Remembering the World’s Oldest Person, in the Objects She Left Behind

VERBANIA, Italy — The last time Emma Morano left her apartment, she was 102 years old. Fame came late in life — after she hit 110. Last year, she was feted as the oldest person on earth. She had fans the world over. The mayor of her Italian town thanked her for putting it on the map.

Ms. Morano, the last person documented as being born in the 1800s, died peacefully on April 15. She was 117 years, 137 days, 16 hours and some minutes old.

The few worldly possessions she left behind, accumulated over the course of more decades than you or I will probably live, didn’t take up much space in the tiny two-room church-owned apartment where she spent the last 27 years of her life.

Ms. Morano at her home in Verbania in 2015, when she was the oldest person in Europe.
CreditAlessandro Grassani for The New York Times

Those of us consumed by consumerism may have difficulty understanding Ms. Morano.

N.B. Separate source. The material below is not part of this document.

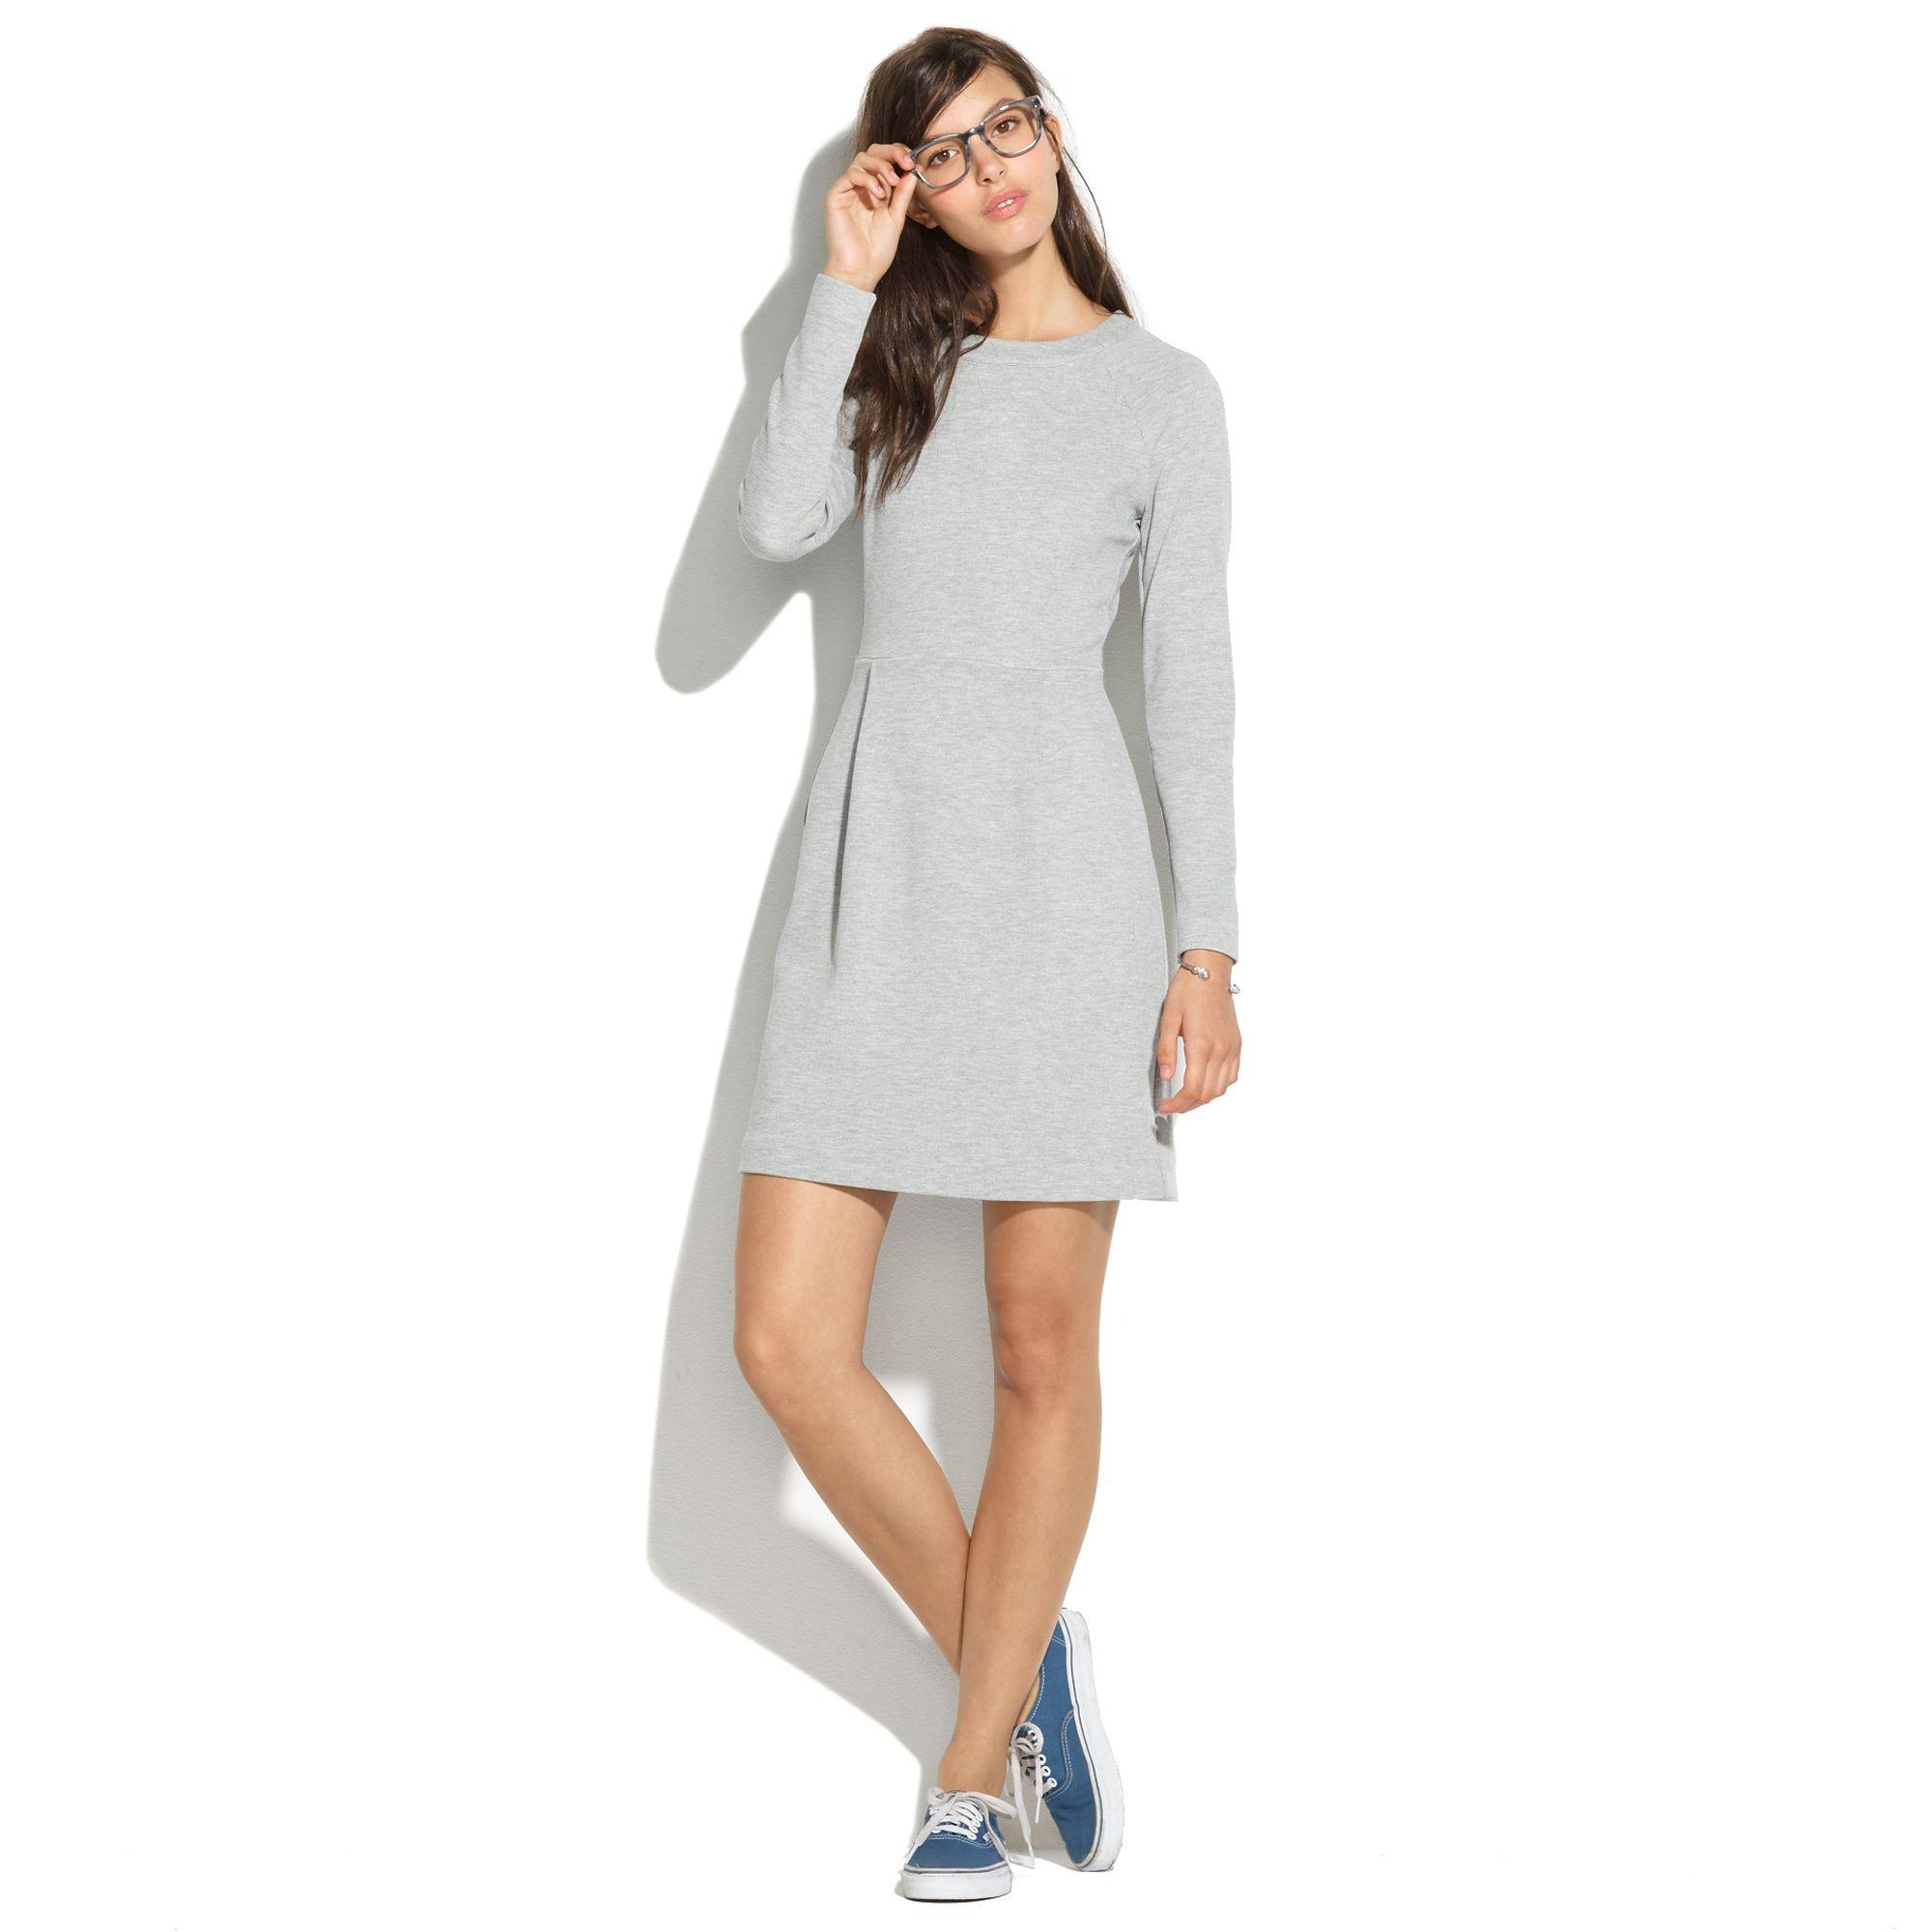 Madewell Longsleeve Sweatshirt Dress in Gray | Lyst

“We have too many things, too many distractions, too many items offered to us, too many messages, and a person like Emma struggles to emerge,” the Rev. Giuseppe Masseroni, who himself is 91, said at Ms. Morano’s funeral on Monday.

Her “simplicity is sculptural” — and out of step with modernity, he said.

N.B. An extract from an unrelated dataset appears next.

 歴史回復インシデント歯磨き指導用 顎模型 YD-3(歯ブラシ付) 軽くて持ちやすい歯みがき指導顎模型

Next to her bed, Ms. Morano had hung photos of her parents and siblings — five sisters and three brothers — along with some religious images. Inside the drawer of her night table was a supermarket-aisle anti-aging cream that she had applied every evening before going to sleep.

One of Ms. Morano’s sisters died just short of 100; another lived to 102.
CreditGianni Cipriano for The New York Times

For health reasons, Ms. Morano moved as a teenager to Verbania, a small town on Lake Maggiore, in Piedmont. It forms a recurrent backdrop to the photos of a record-worthy lifetime. In 2015, when The New York Times interviewed her, she recalled:

“The doctor told me to change air, and I’m still here.”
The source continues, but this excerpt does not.